Western countries face a “predominantly homegrown” jihadist terror threat after research found that almost three out of four attackers were citizens of the country they targeted.
The study says repressive measures were “inevitable” and that Western countries will “probably” have to strengthen intelligence co-operation, but that “soft” approaches were also needed.
The authors said governments should construct a “well-balanced” response and avoid dividing society further which, they said, was the aim of Islamist terrorists.
The study found that almost six out of 10 terrorists had a prior criminal background — rising to three out of four among converts.
The research, ‘Fear Thy Neighbour’, was conducted by experts from the Institute for International Political Studies in Milan; the International Centre for Counter-Terrorism, based in The Hague; and the Programme on Extremism at George Washington University.
In a foreword, Magnus Ranstorp of the EU Radicalisation Awareness Network, states that there is an average of five terror attacks per month in the West.
“Isis is determined to target the ordinary citizens through these terrorist attacks to create polarisation, fostering mobilisation and radicalisation together with further recruitment,” he said.
He said radicalisation is “growing at an alarming rate” in the West through a “kaleidoscope of root causes”. He said the research “dunked the simple theory of social conditions as a major driver”.
The report says Europe and North Africa have been hit by an “unprecedented wave” of jihadi attacks.
Between June 2014, when the so-called Isis caliphate was declared, and June 2017, it found that:
The report states that IS claimed 39% of attacks, but found just 8% were under the direct orders of IS, while 66% of attackers had some form of connection to IS or other jihadist groups but acted independently.

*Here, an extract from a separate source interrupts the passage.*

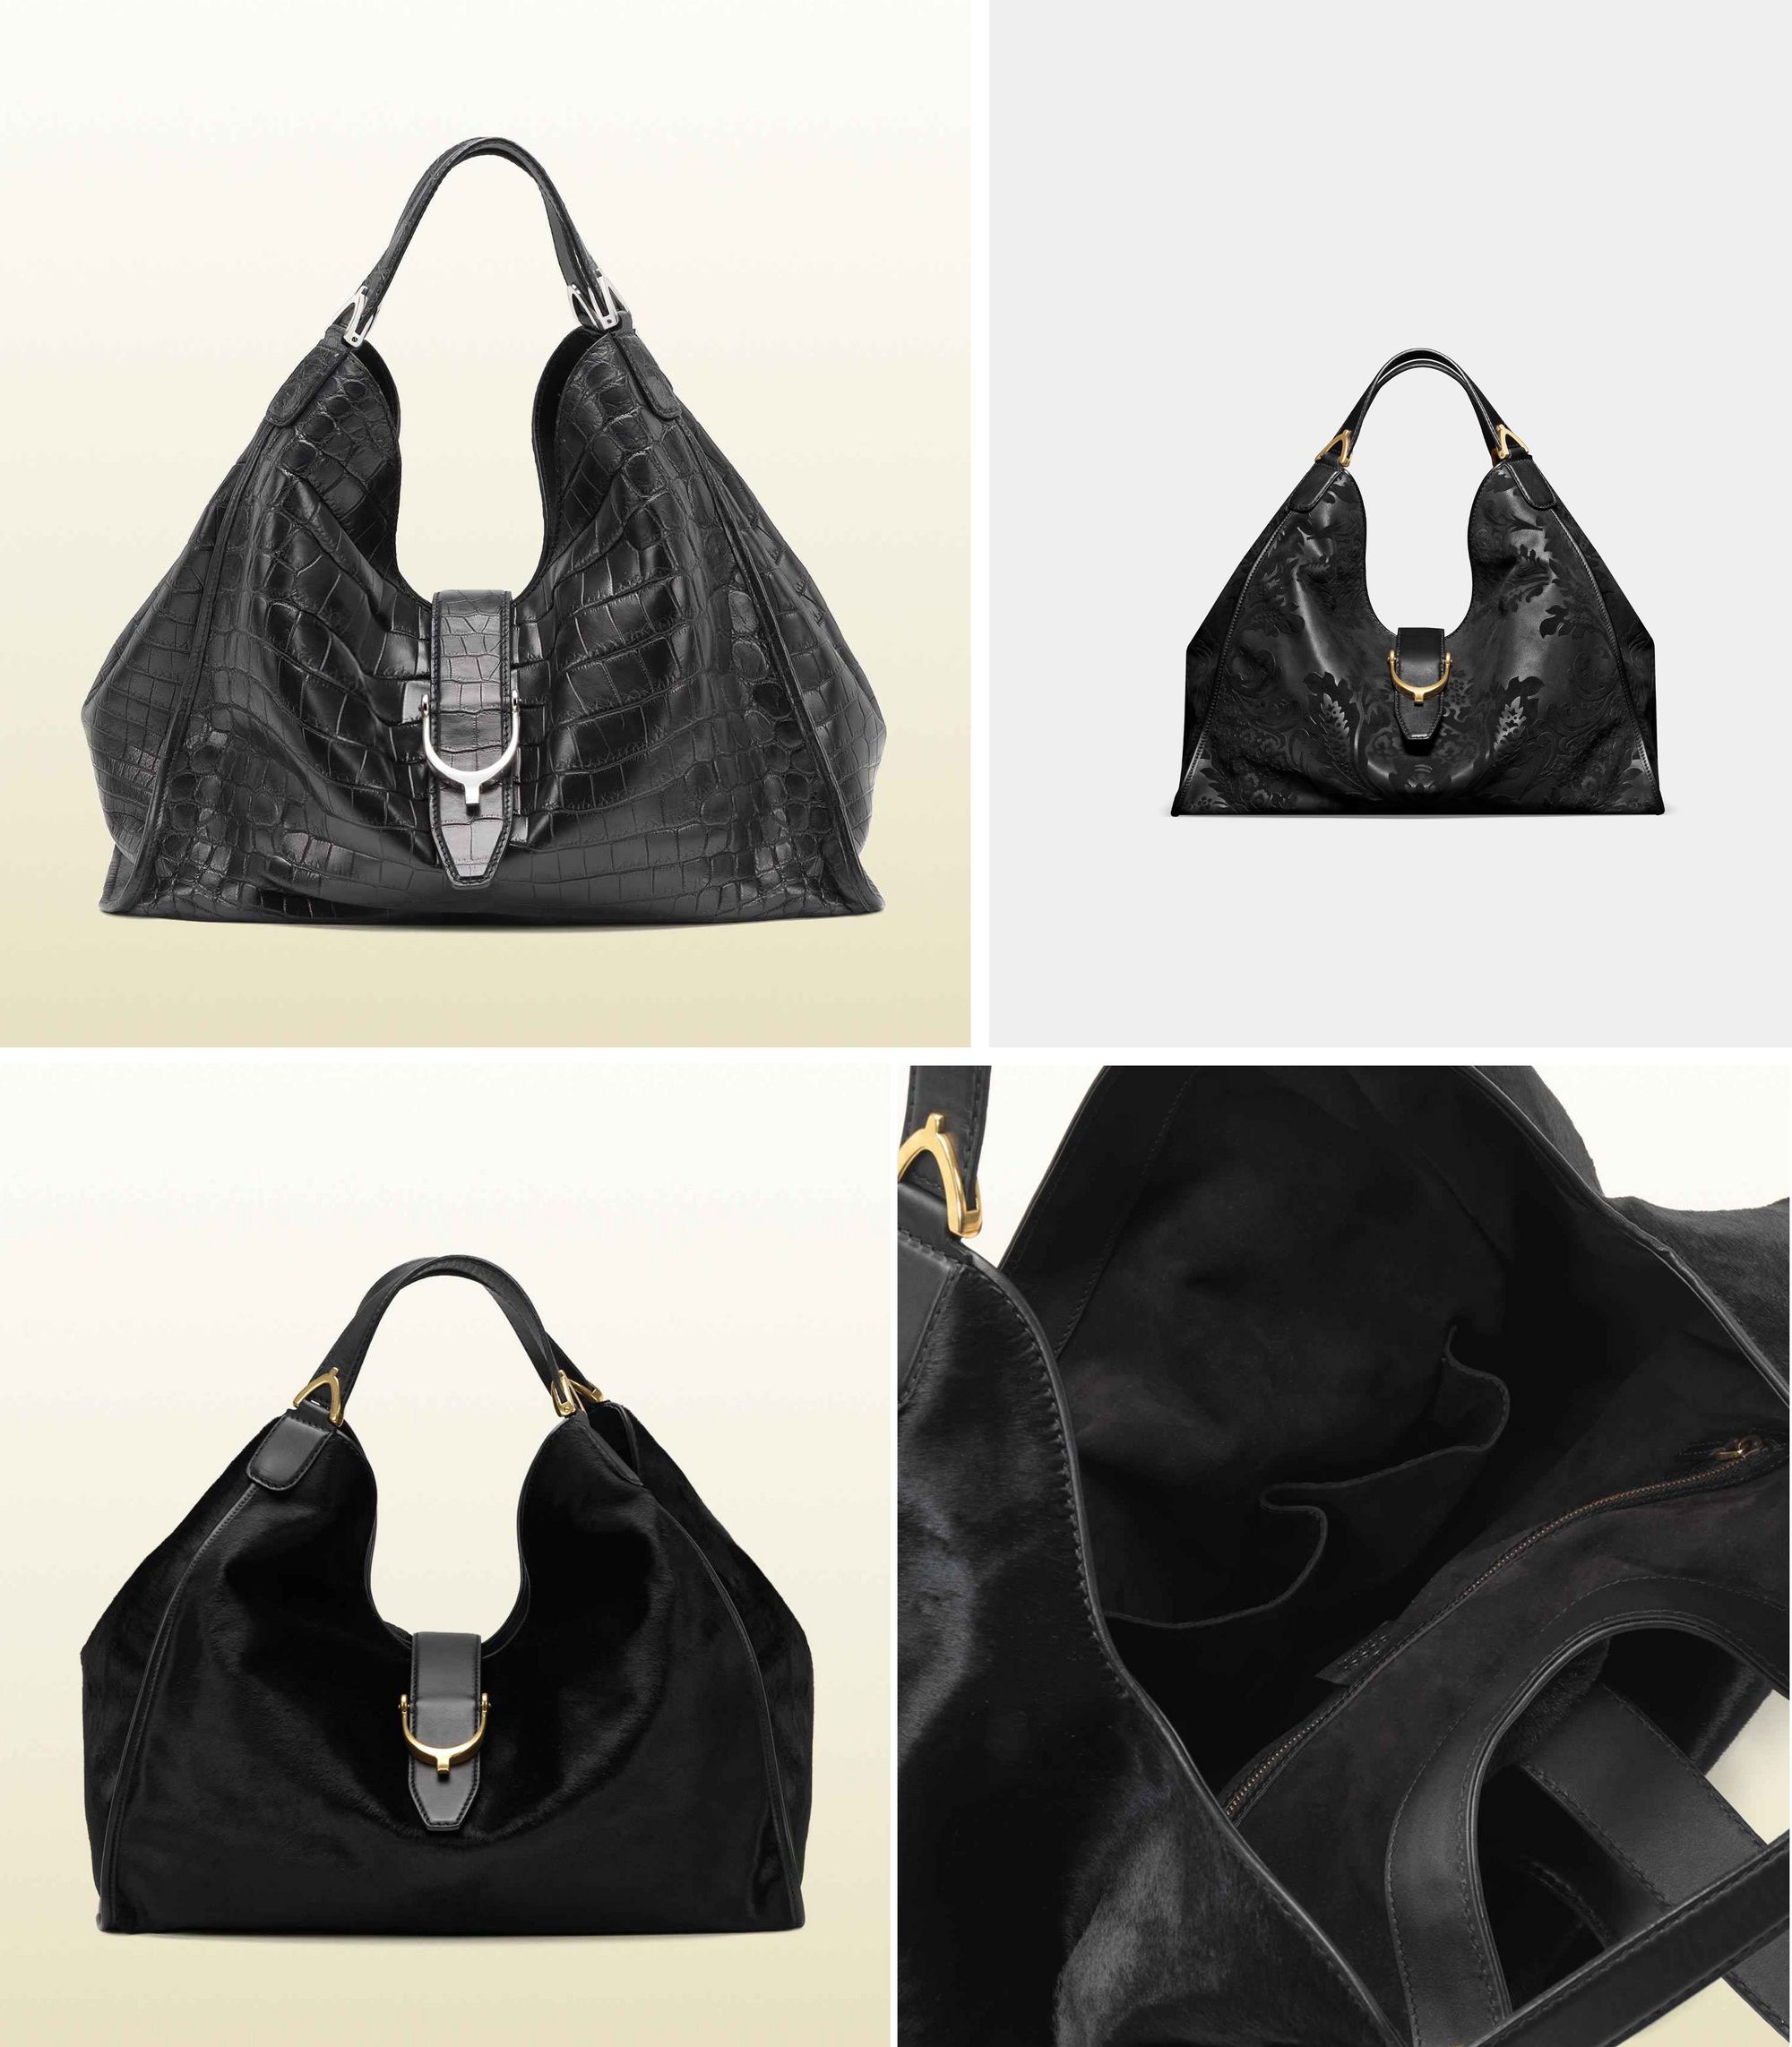 Gucci 'Soft Stirrup' bag in crocodile skin, velvet and pony skin (Photo courtesy | Gucci)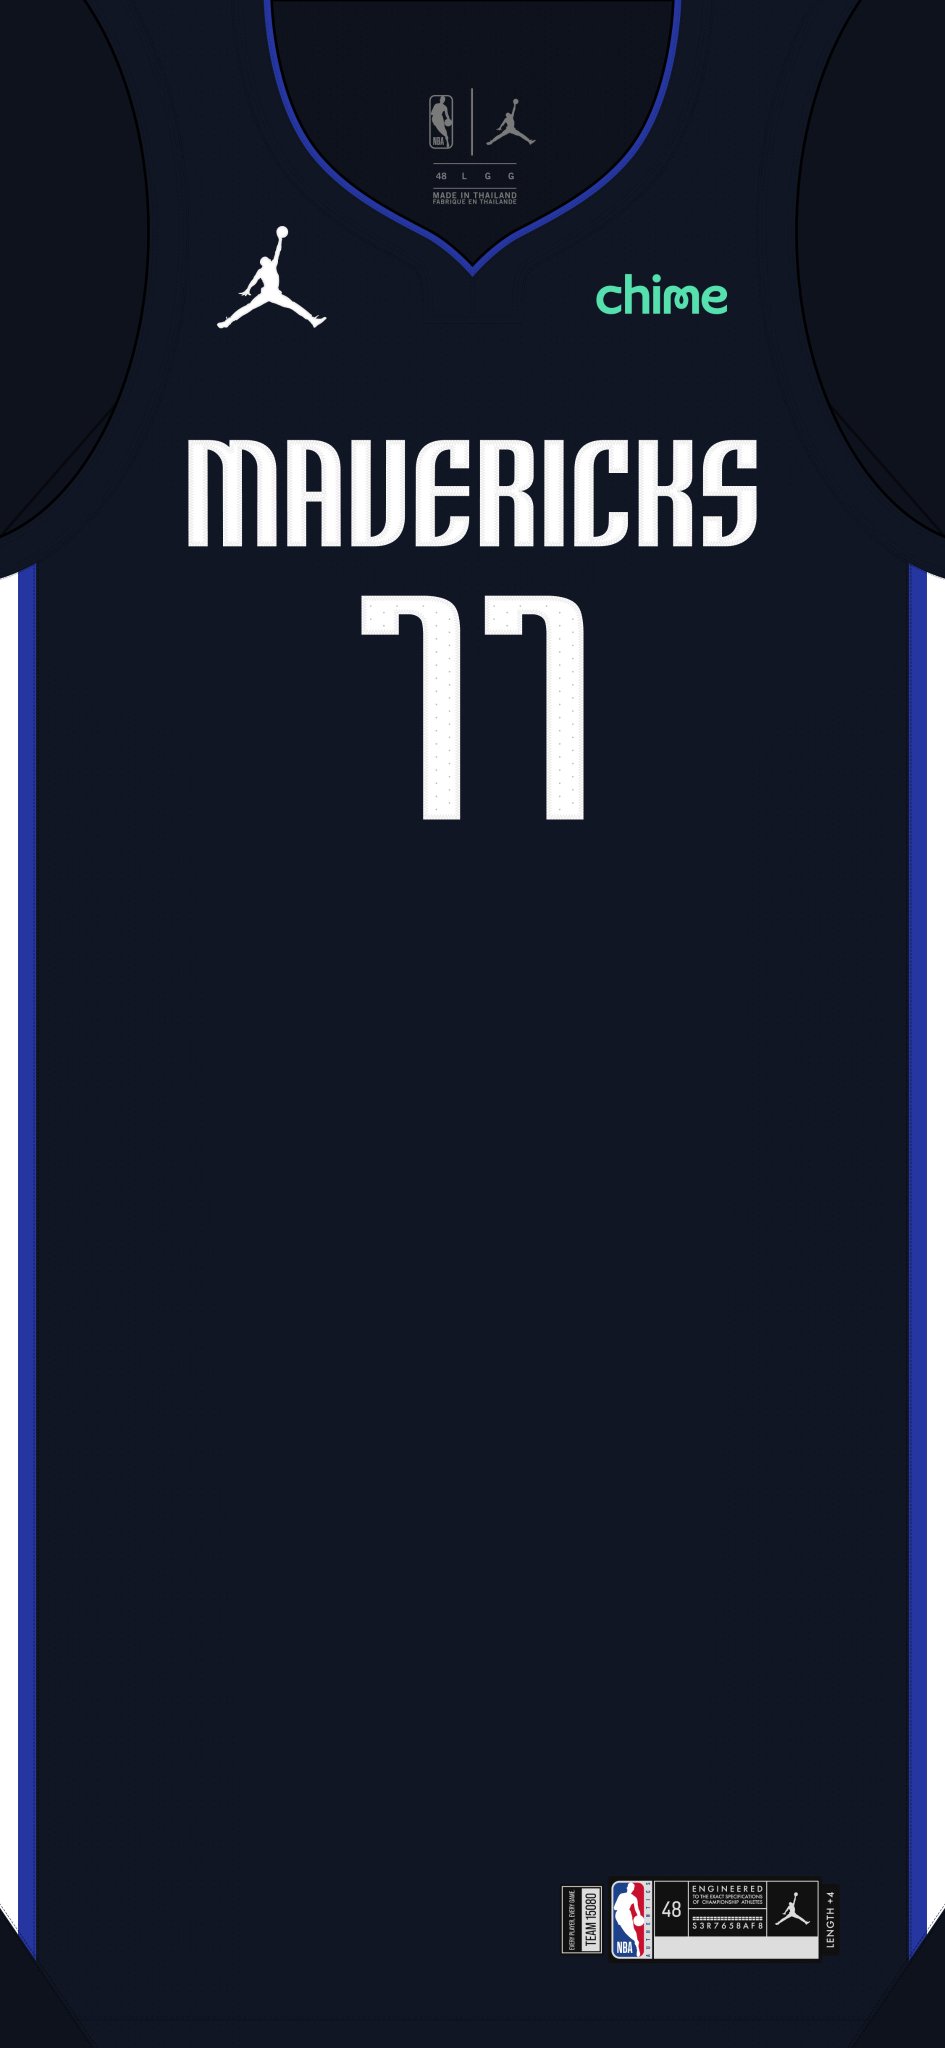 Jordan Liem on X: They really need to rebrand the whole team. They look  very outdated. Dallas Mavericks 2017-Present Association Jersey No. 6  Kristaps Porziņģis Icon Jersey No. 77 Luka Dončić #NBA #

In 26% of cases, the attackers were inspired by IS or other jihadist groups but had no connections with them.
It said the rise of IS and its declaration of a caliphate had inspired scores of Western Muslims, who were captivated by its “gestures and slick online propaganda”.
The report says most researchers agreed that radicalisation was a “highly complex and individualised process, often shaped by a poorly understood interaction of structural and personal factors”.
Researchers said the formation of “radicalisation hubs” around extremist groups, radical mosques, and charismatic personalities, was often a key factor in jihadi hotpots.
“The vast majority of individuals who radicalise do so in small groups of like-minded individuals, generally under the influence of radicalising agents,” it said.